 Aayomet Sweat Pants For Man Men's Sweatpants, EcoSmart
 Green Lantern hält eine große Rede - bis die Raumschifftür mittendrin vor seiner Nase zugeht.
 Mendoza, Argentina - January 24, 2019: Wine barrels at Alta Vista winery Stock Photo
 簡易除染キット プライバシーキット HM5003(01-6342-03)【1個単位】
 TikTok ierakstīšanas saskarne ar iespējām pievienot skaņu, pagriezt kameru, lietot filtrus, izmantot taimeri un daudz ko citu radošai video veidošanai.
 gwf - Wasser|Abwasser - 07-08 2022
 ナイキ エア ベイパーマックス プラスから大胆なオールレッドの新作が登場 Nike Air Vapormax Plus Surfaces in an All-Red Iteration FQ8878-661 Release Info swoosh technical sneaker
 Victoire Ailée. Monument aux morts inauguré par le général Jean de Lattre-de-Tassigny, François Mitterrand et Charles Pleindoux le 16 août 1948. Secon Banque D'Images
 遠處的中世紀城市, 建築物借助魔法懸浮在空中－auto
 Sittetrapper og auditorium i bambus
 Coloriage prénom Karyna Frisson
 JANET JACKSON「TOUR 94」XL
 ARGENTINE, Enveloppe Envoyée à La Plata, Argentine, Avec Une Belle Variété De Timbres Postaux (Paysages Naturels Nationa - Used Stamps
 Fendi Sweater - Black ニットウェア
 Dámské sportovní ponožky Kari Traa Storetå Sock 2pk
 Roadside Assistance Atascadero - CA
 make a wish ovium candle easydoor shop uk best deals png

+ + +

[Task instructions]:
Give back the complete data, each line unchanged.

[Response to this exercise]:
 Aayomet Sweat Pants For Man Men's Sweatpants, EcoSmart
 Green Lantern hält eine große Rede - bis die Raumschifftür mittendrin vor seiner Nase zugeht.
 Mendoza, Argentina - January 24, 2019: Wine barrels at Alta Vista winery Stock Photo
 簡易除染キット プライバシーキット HM5003(01-6342-03)【1個単位】
 TikTok ierakstīšanas saskarne ar iespējām pievienot skaņu, pagriezt kameru, lietot filtrus, izmantot taimeri un daudz ko citu radošai video veidošanai.
 gwf - Wasser|Abwasser - 07-08 2022
 ナイキ エア ベイパーマックス プラスから大胆なオールレッドの新作が登場 Nike Air Vapormax Plus Surfaces in an All-Red Iteration FQ8878-661 Release Info swoosh technical sneaker
 Victoire Ailée. Monument aux morts inauguré par le général Jean de Lattre-de-Tassigny, François Mitterrand et Charles Pleindoux le 16 août 1948. Secon Banque D'Images
 遠處的中世紀城市, 建築物借助魔法懸浮在空中－auto
 Sittetrapper og auditorium i bambus
 Coloriage prénom Karyna Frisson
 JANET JACKSON「TOUR 94」XL
 ARGENTINE, Enveloppe Envoyée à La Plata, Argentine, Avec Une Belle Variété De Timbres Postaux (Paysages Naturels Nationa - Used Stamps
 Fendi Sweater - Black ニットウェア
 Dámské sportovní ponožky Kari Traa Storetå Sock 2pk
 Roadside Assistance Atascadero - CA
 make a wish ovium candle easydoor shop uk best deals png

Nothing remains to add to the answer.